Collected data:
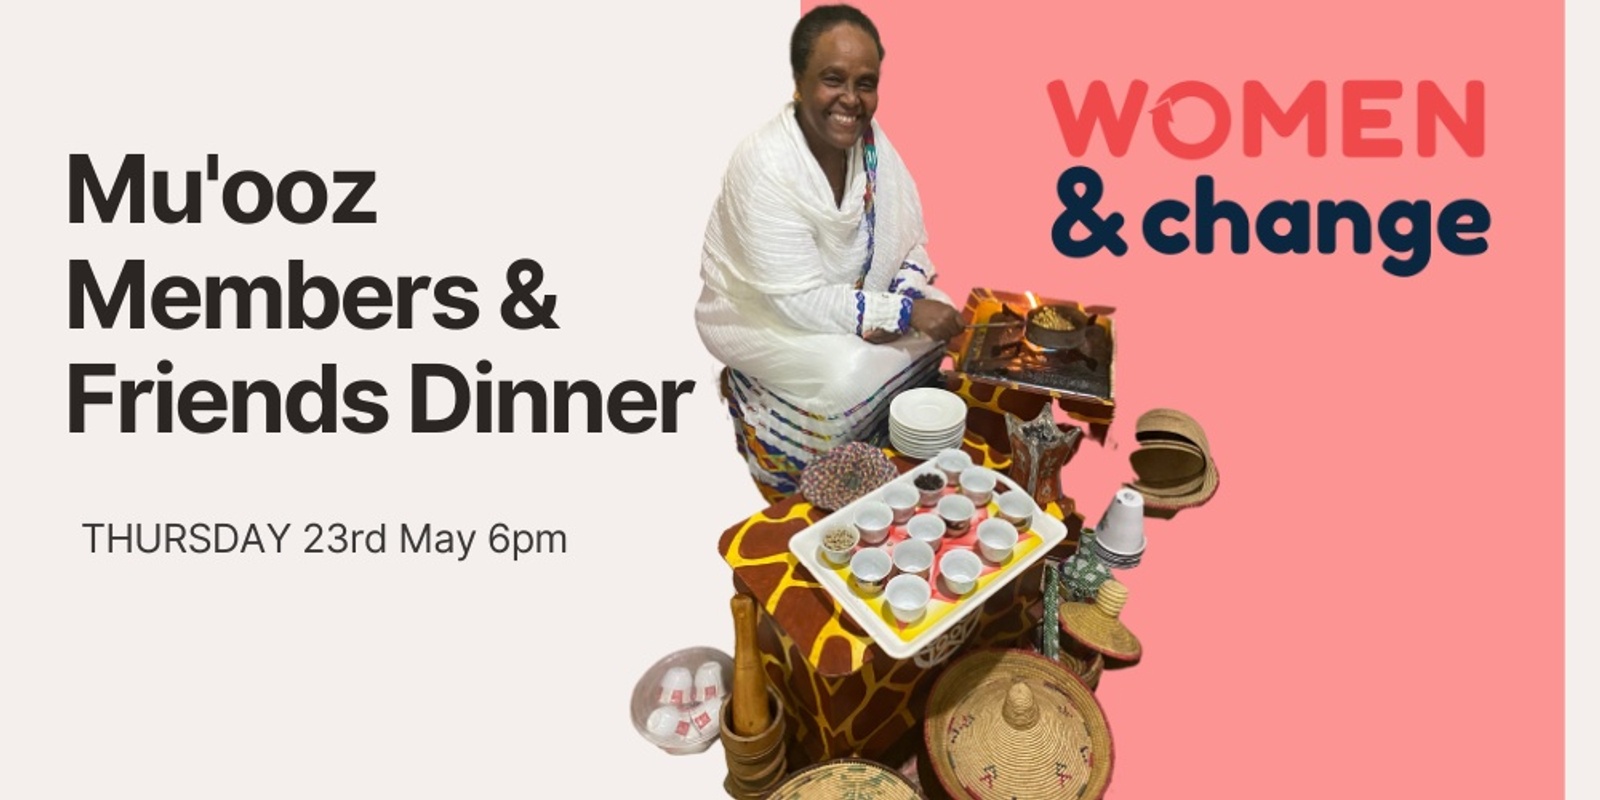 Banner image for Women & Change Members & Friends Dinner - Mu'ooz
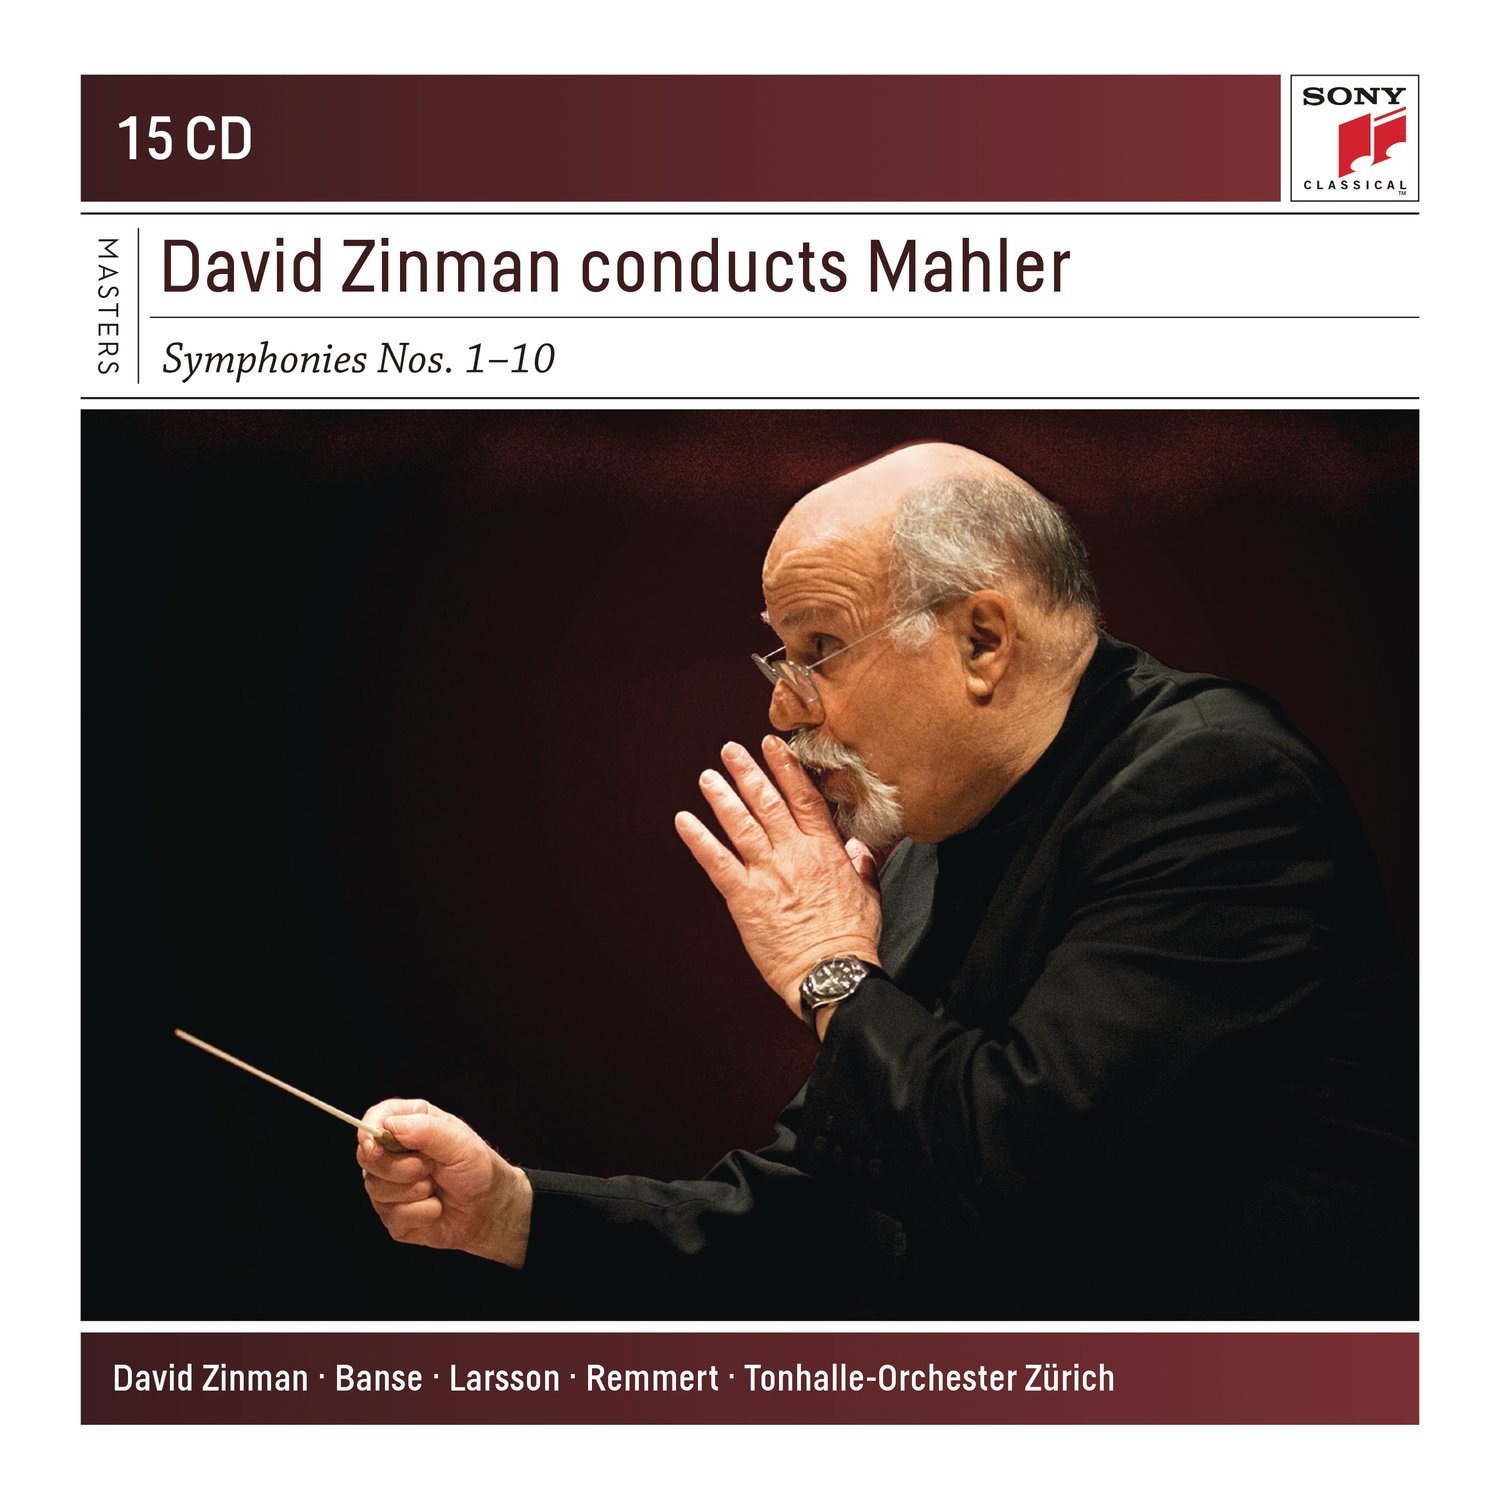 David Zinman Conducts Mahler Symphonies - CD | David Zinman, Gustav Mahler, Tonhalle-Orchester Zurich
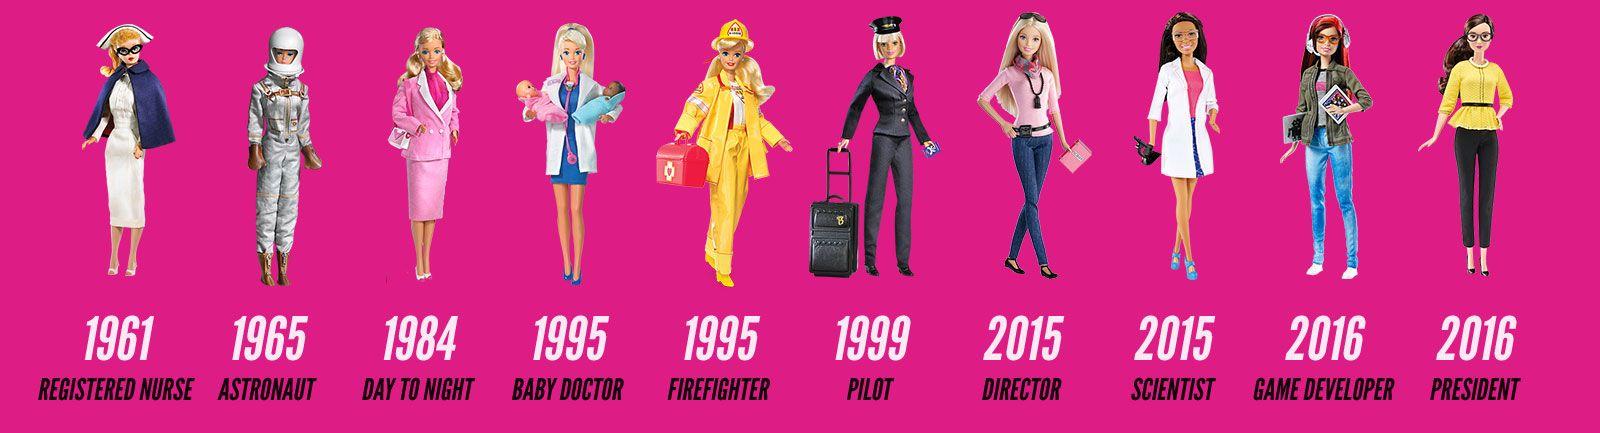 Barbie 2017 Logo - The History Of Barbie | Barbie
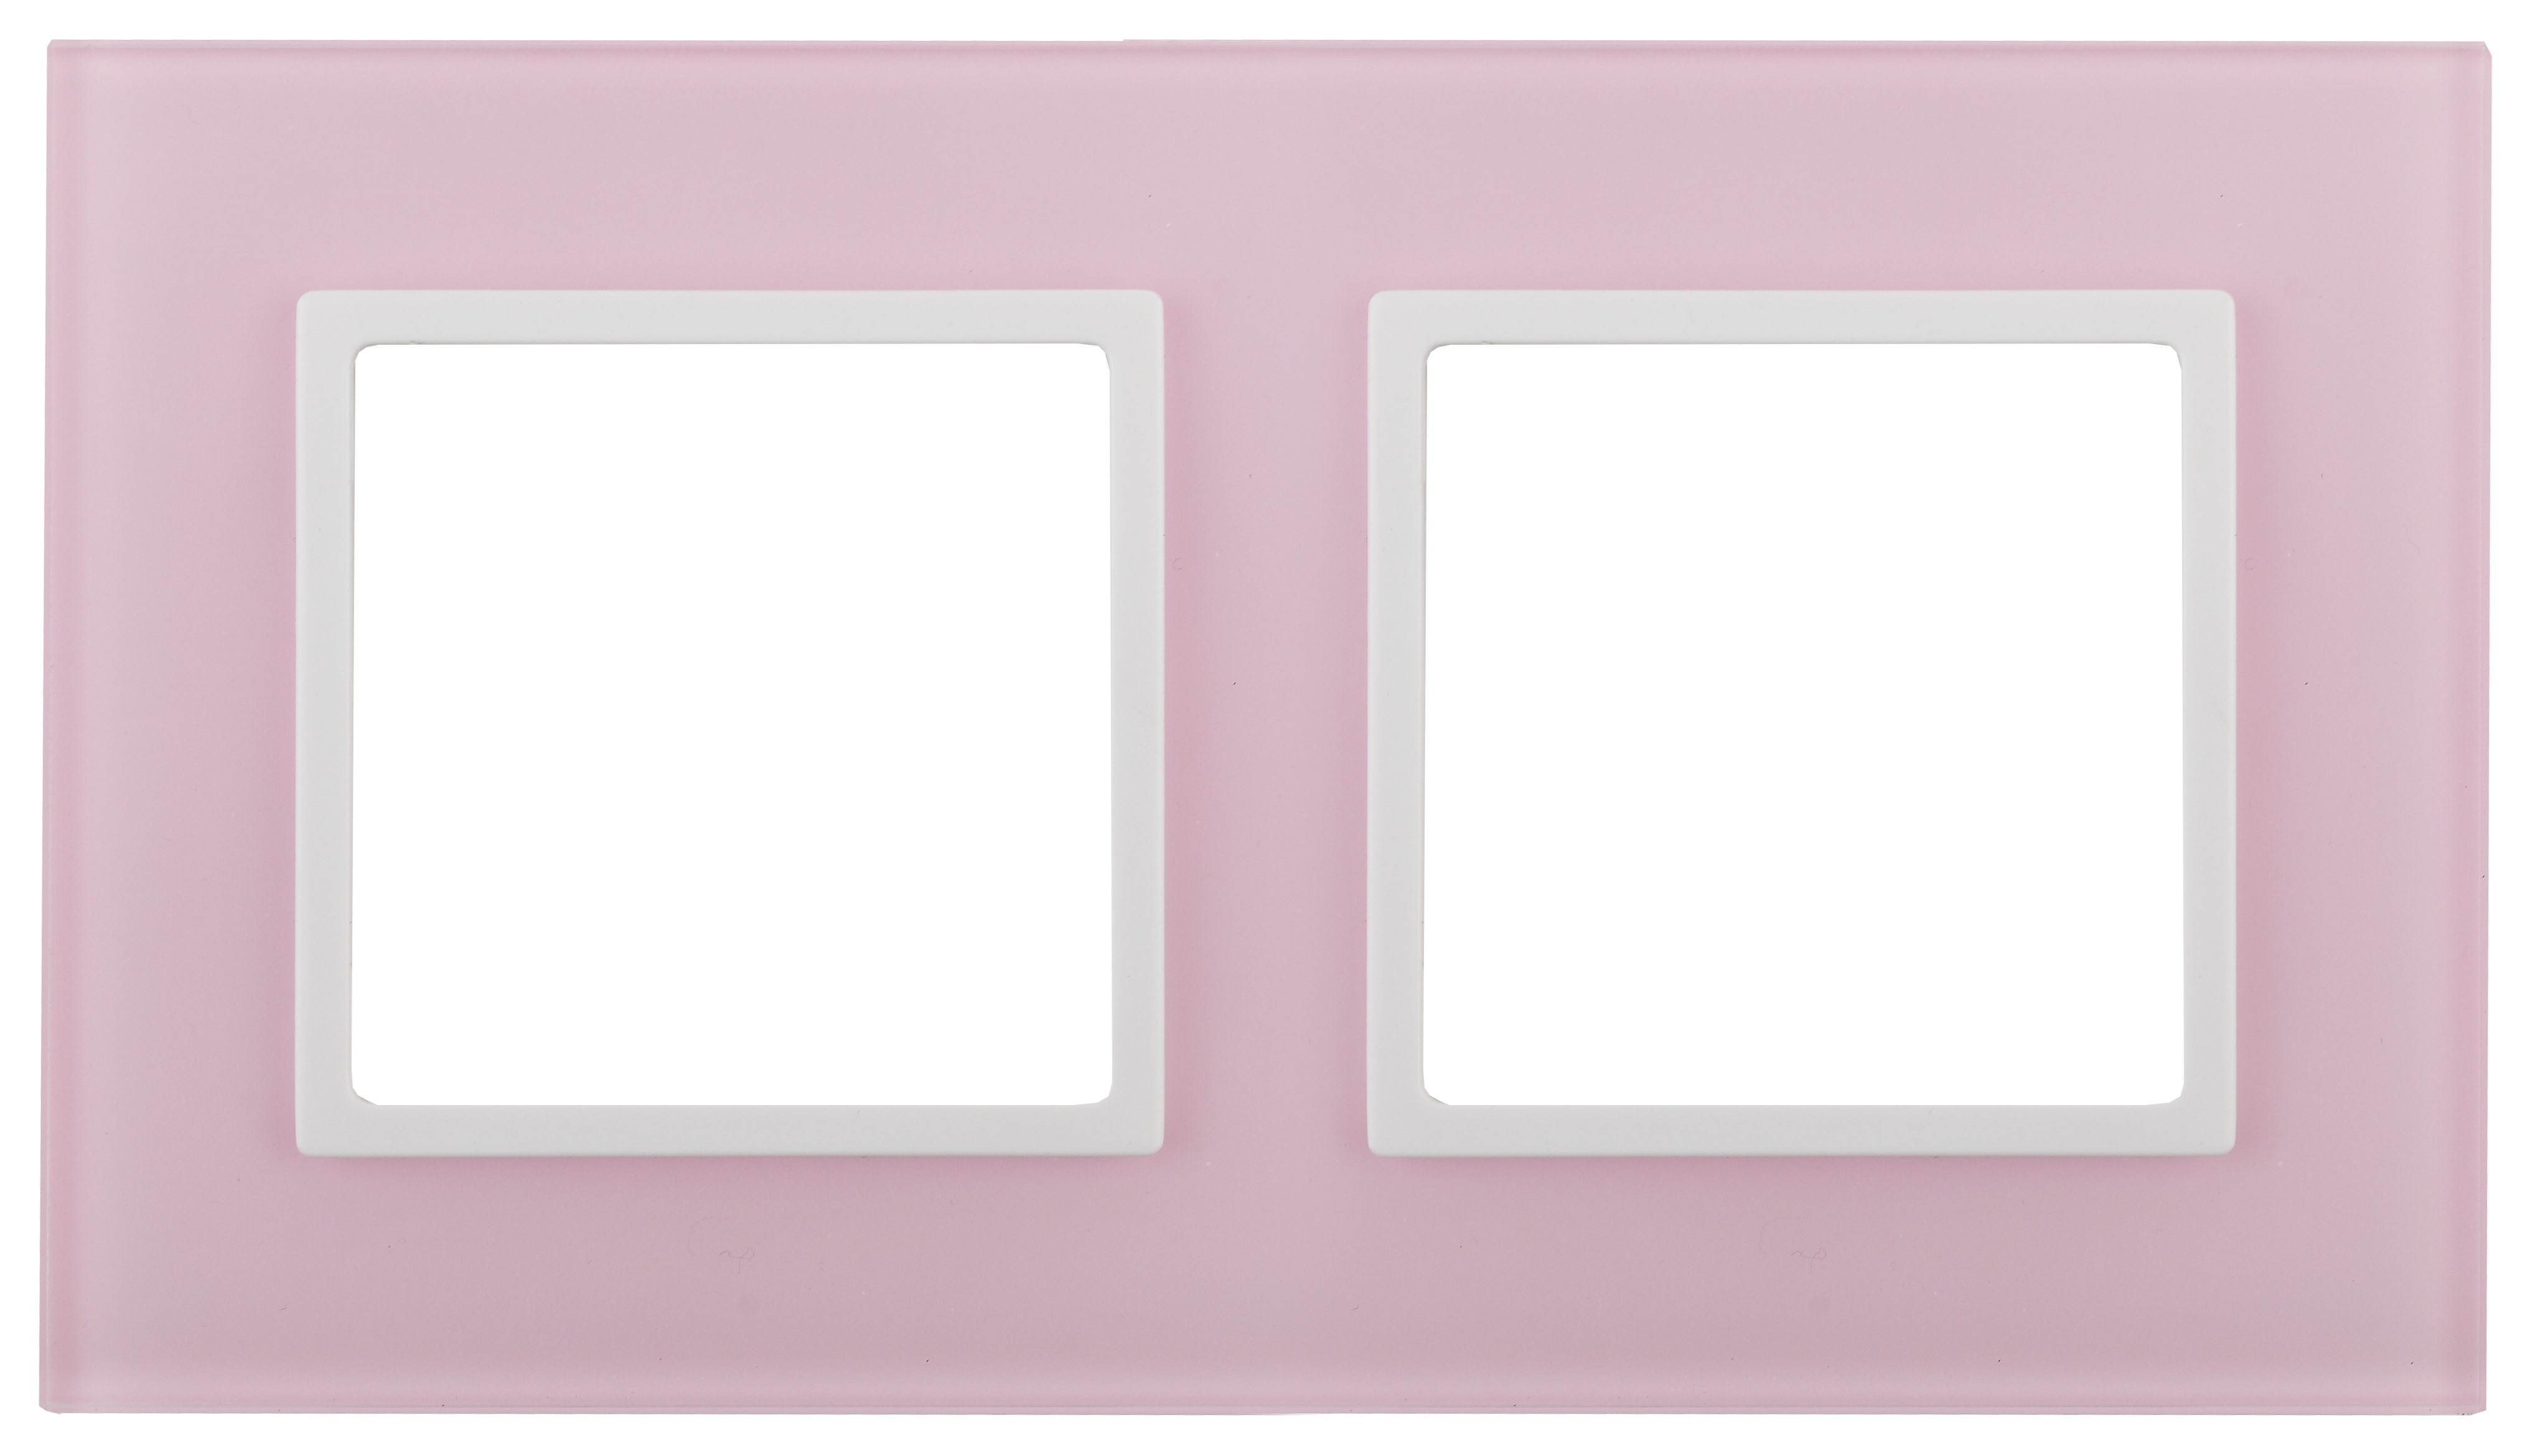 14-5102-30 ЭРА Рамка на 2 поста, стекло, Эра Elegance, розовый+бел (5/50/1200)

Problem:
Quote the material in full and exactly; do not carry over its pictures.

Exercise response:
 Banner image for Women & Change Members & Friends Dinner - Mu'ooz
 David Zinman Conducts Mahler Symphonies - CD | David Zinman, Gustav Mahler, Tonhalle-Orchester Zurich
 Barbie 2017 Logo - The History Of Barbie | Barbie
 14-5102-30 ЭРА Рамка на 2 поста, стекло, Эра Elegance, розовый+бел (5/50/1200)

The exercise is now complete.